Modelled bounce rate change
Prospects staying through the first portfolio scroll instead of bouncing at the hero
Session duration lift
From average 48 seconds to ~2.5 minutes — driven by portfolio exploration
Portfolio page engagement
Time on portfolio page — the primary conversion trigger for new client inquiries
Inquiry form submissions
Modelled lift in contact form completions, with portfolio-first structure
Client logos now visible in homepage scroll 2
BMW, ITC, Kotak and 27+ others — moved from footer footnote to primary social proof
Awards featured
Displayed prominently (previously mentioned only in FAQ)
Fig. 07 · Modelled outcome
The headline hypothesis: removing the wrong luxury signals and surfacing the work immediately roughly triples the average session duration, because the portfolio gives prospects a reason to stay. That dwell time is the precondition for a contact form submission.
11 — Reflection
What I’d carry into the next one.
- Restraint is a skill, not an absence. Deciding what to leave out requires more conviction than deciding what to add. The client's instinct was "make it feel more premium." Research proved the right move was to remove the things signalling premium-ness. That takes confidence to sell.

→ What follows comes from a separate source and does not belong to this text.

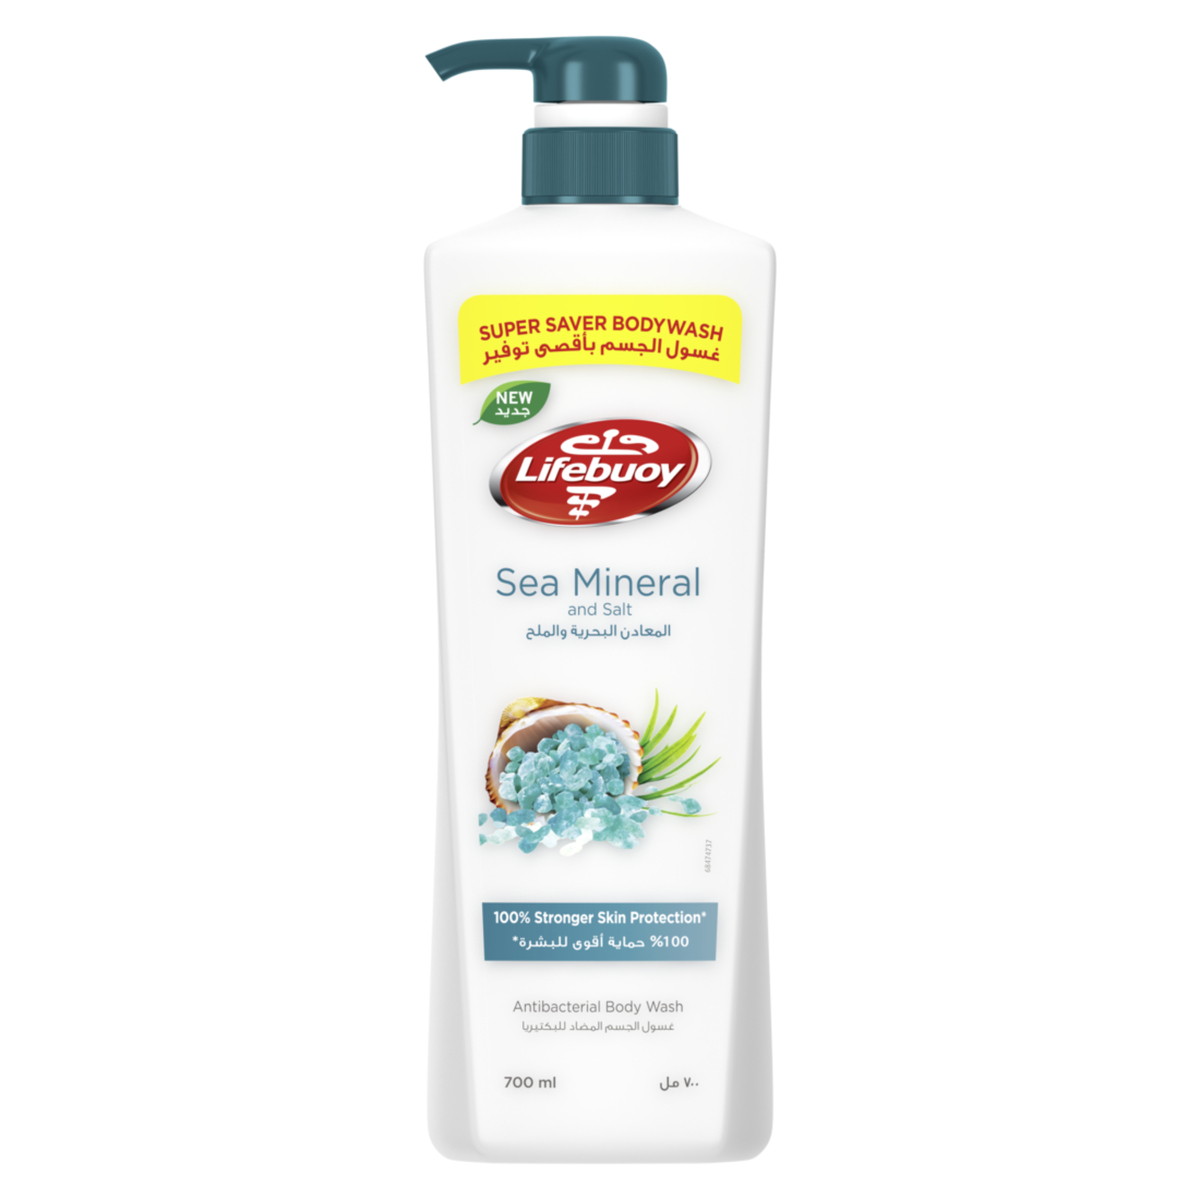 Lifebuoy Sea Mineral and Salt Bodywash, 700 ml

- The order of revelation is the product. HMLC's capabilities didn't change — the portfolio, the client roster, the services. What changed was when the visitor encountered each. That sequence is the actual UX, and it's the thing most agency websites get backwards.

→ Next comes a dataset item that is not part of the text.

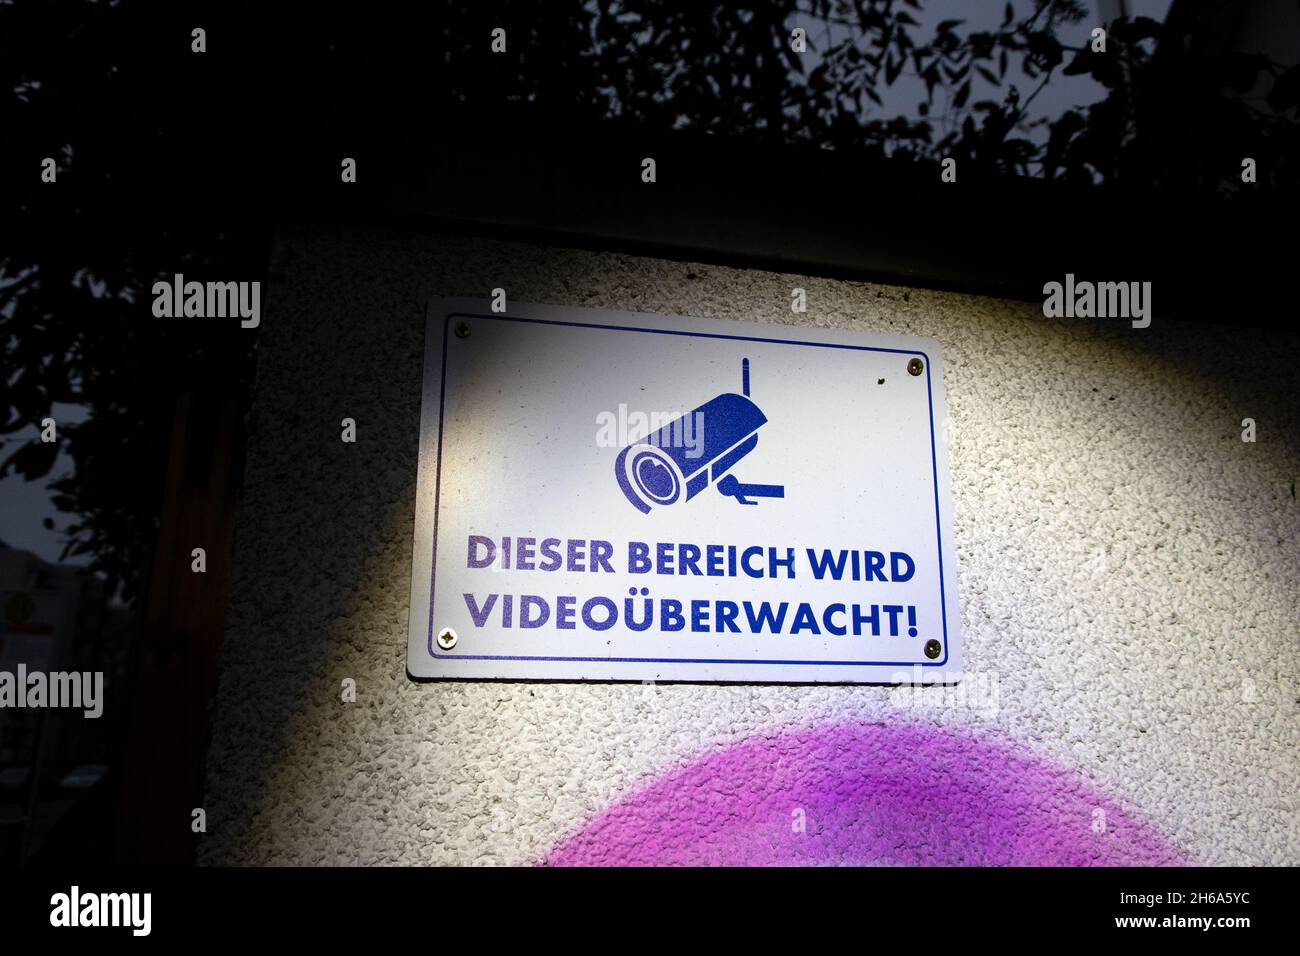 Ein Schild zur Information über die Installation eine Videoüberwachung. Schutz vor Einbrechern. Foto Stock

- Social proof beats self-description every time. "India's premier luxury agency" in a purple banner never converted a sceptical luxury client. BMW in the first scroll did. The copy was the weakest thing on the page. The client list was the strongest. Swap the hierarchy.
- Luxury is a context, not a style. Purple and gold aren't luxury — they're the palette of aspirational luxury marketing. Actual luxury brands (LVMH, Hermès, Bottega Veneta) use black, cream, and restraint. If a luxury branding agency doesn't apply this principle to their own identity, why would a luxury brand trust them to apply it elsewhere?
If this were going to launch next
I'd instrument every portfolio click to understand which projects drive contact form submissions — and double down on showing those first. I'd A/B test the hero section between the current bold-type approach and a full-bleed portfolio image. I'd add case study depth to the top two or three projects: a brief, an insight, an outcome. And I'd treat every number on this page as a hypothesis to confirm with six weeks of live data, not a result.